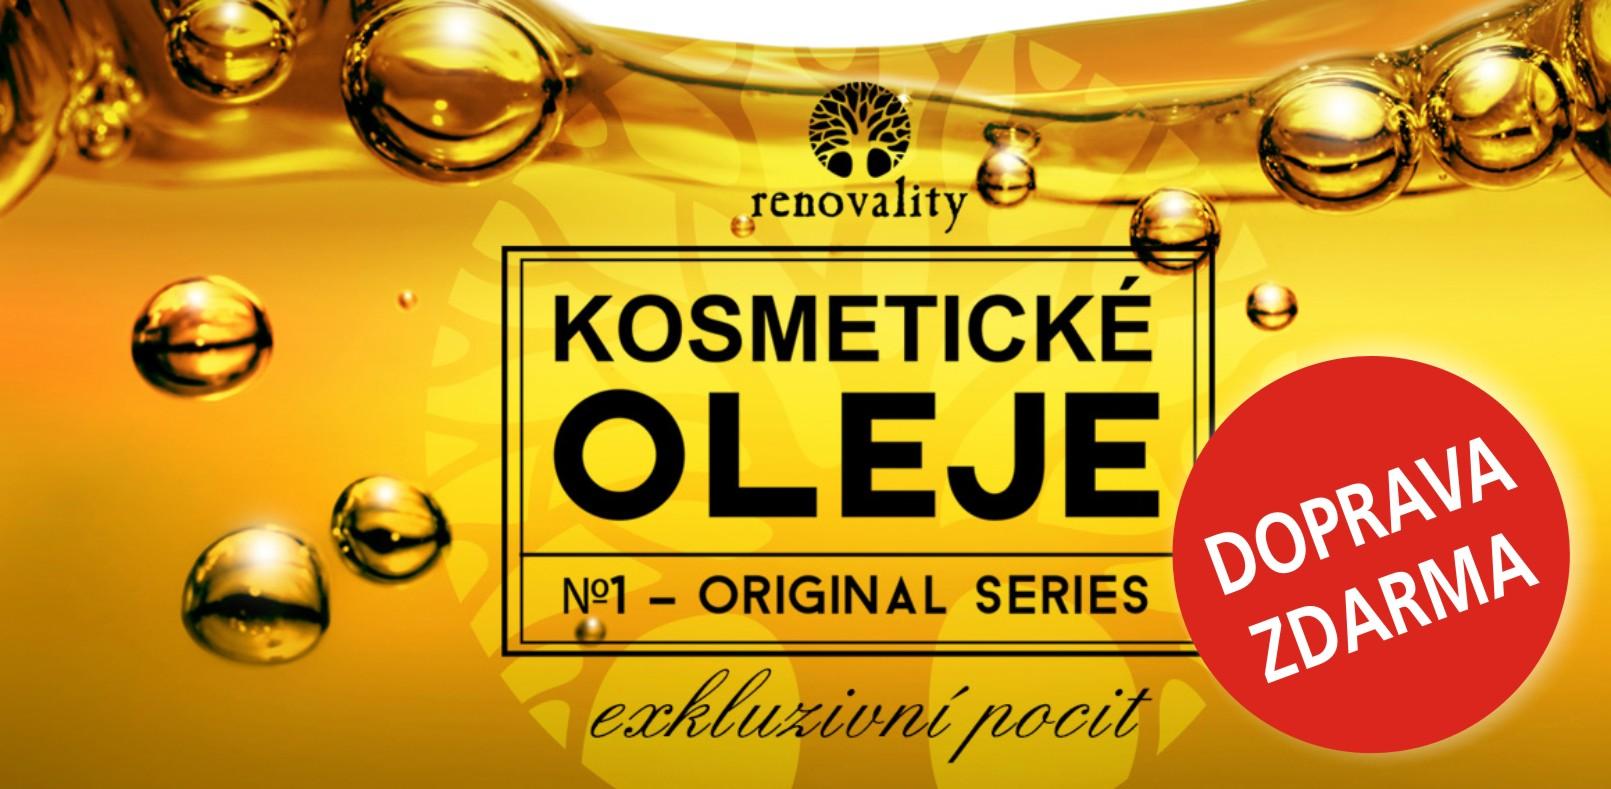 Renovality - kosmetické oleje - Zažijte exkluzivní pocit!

------------------------------------------------------------

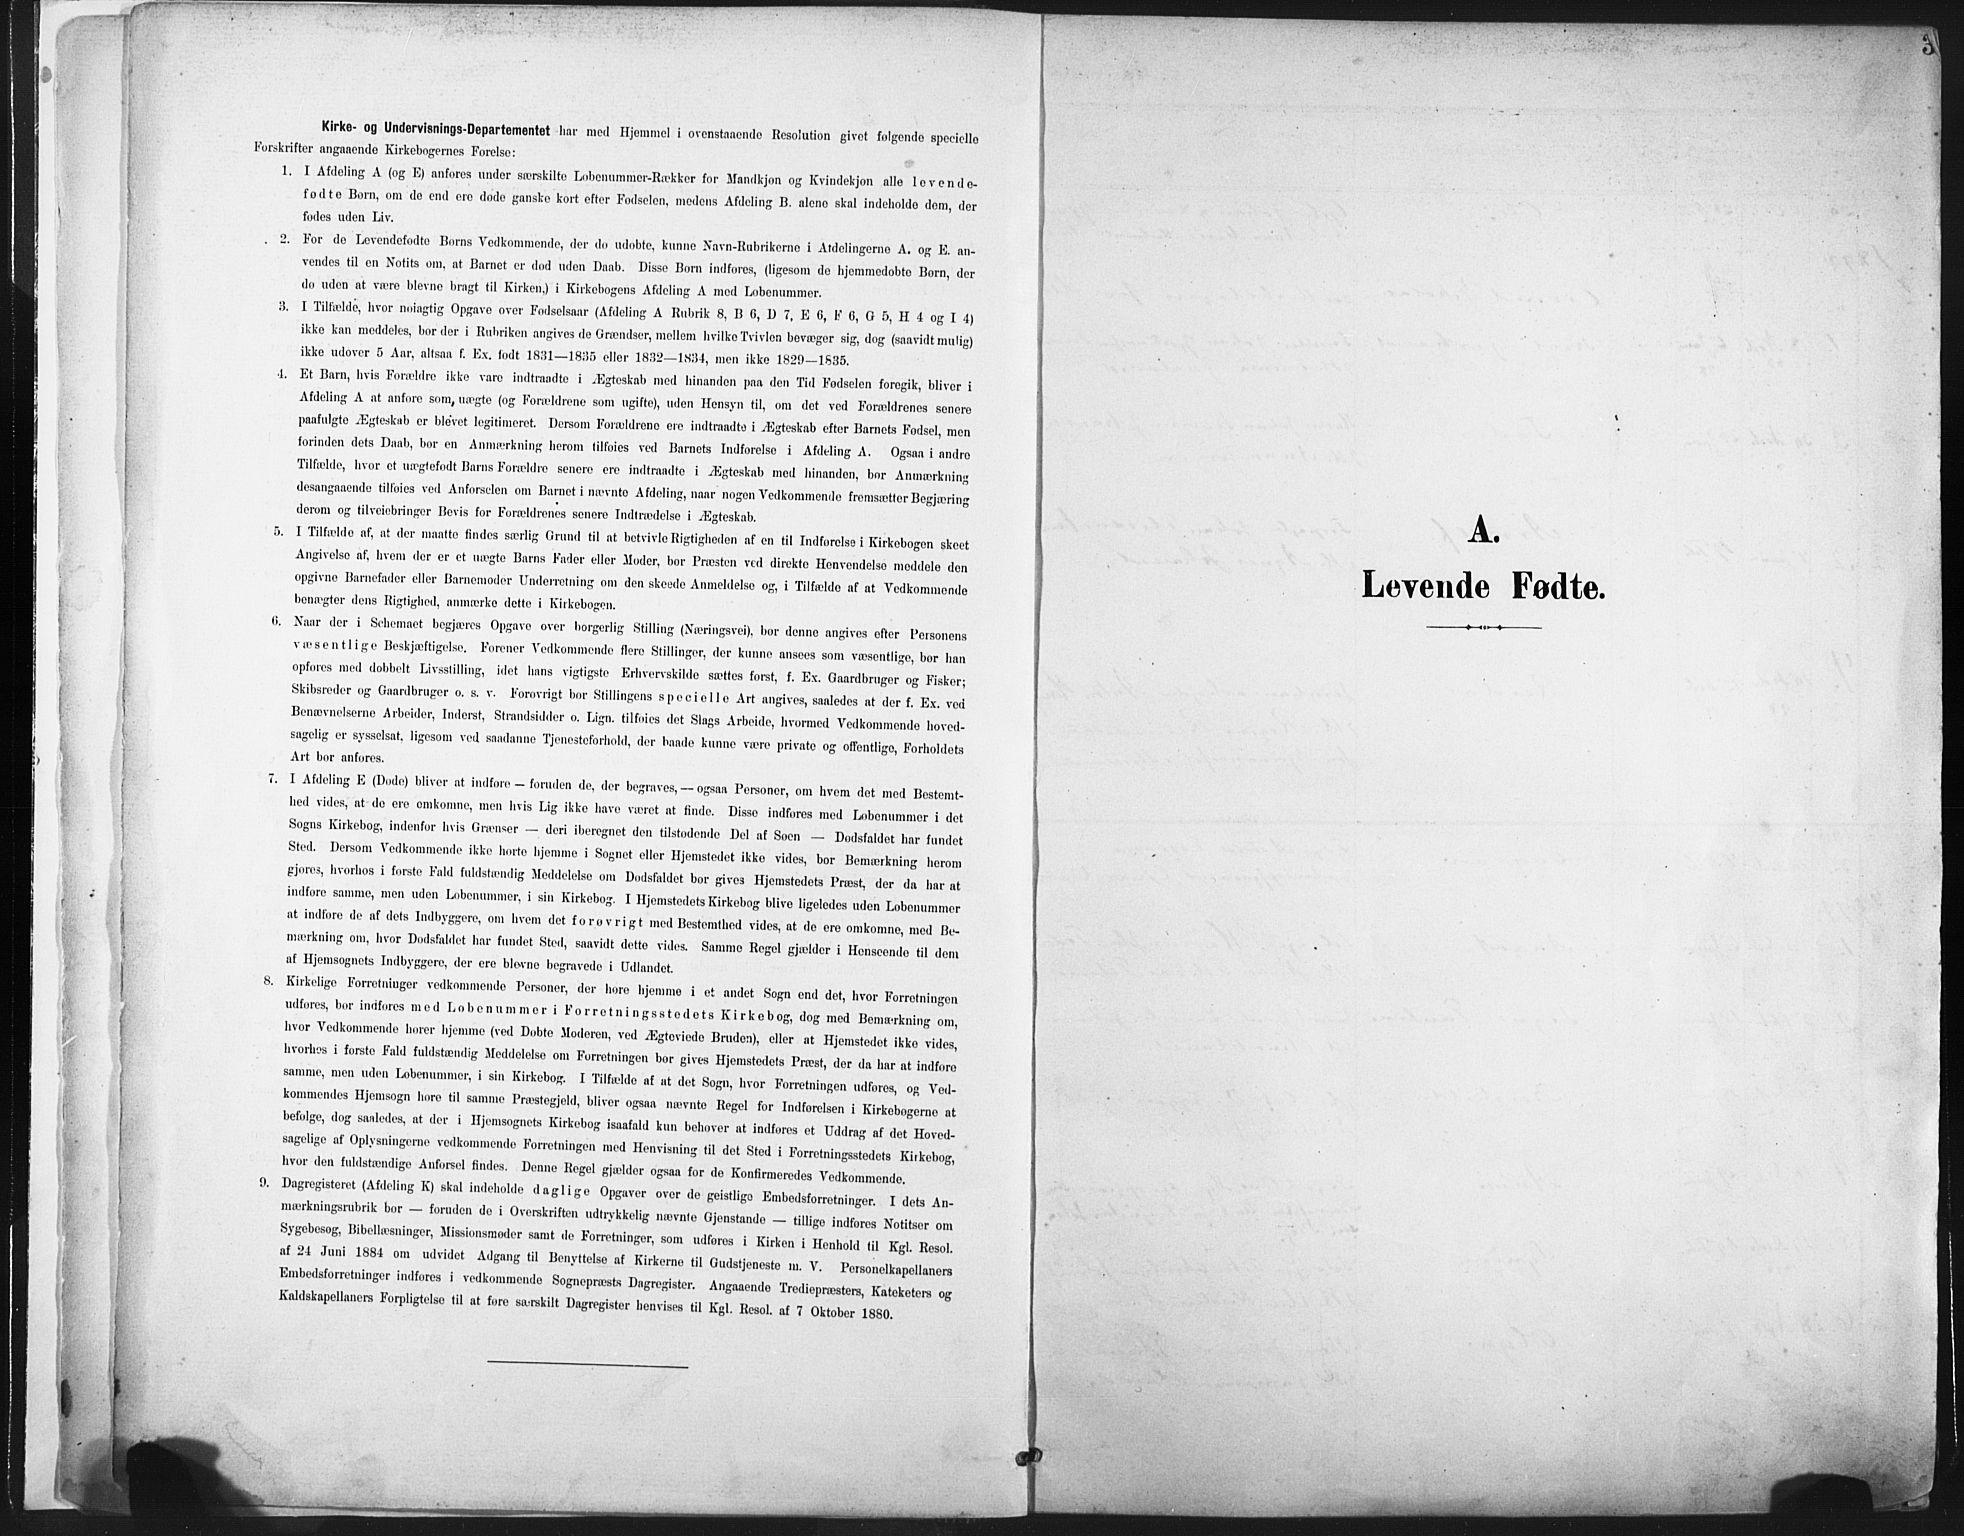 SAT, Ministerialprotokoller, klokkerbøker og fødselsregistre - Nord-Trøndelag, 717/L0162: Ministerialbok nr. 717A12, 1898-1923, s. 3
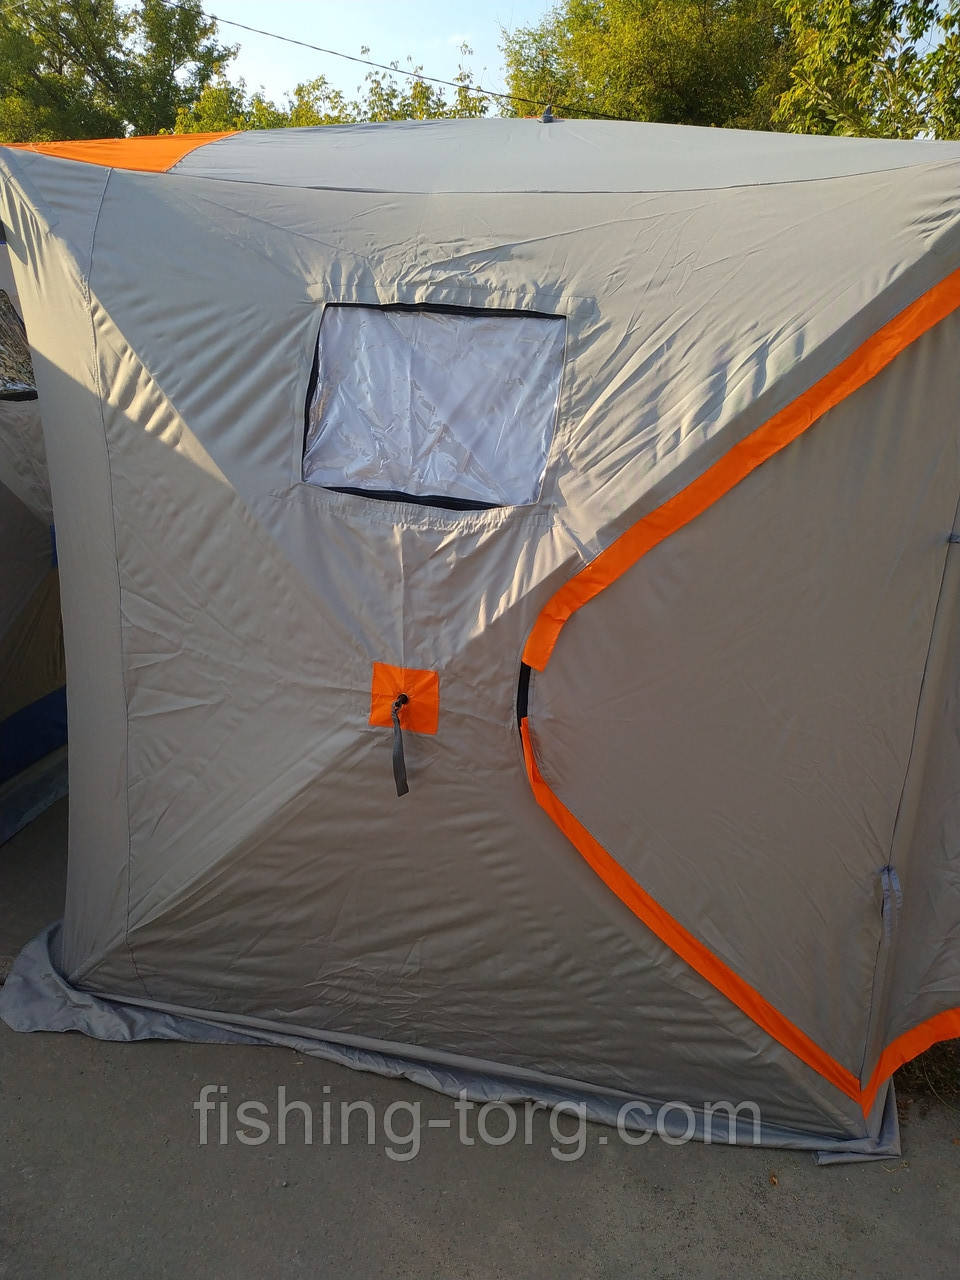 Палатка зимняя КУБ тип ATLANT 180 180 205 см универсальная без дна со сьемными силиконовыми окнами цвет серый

------------------------------------------------------------

__Problem__:
Nothing but the lines above from the one that has "SAT, Ministerialprotokoller, klokkerbøker" down to the one that has "Палатка зимняя КУБ" belongs in the answer, copied exactly, without pictures.

__Answer section__:
 SAT, Ministerialprotokoller, klokkerbøker og fødselsregistre - Nord-Trøndelag, 717/L0162: Ministerialbok nr. 717A12, 1898-1923, s. 3
 Палатка зимняя КУБ тип ATLANT 180 180 205 см универсальная без дна со сьемными силиконовыми окнами цвет серый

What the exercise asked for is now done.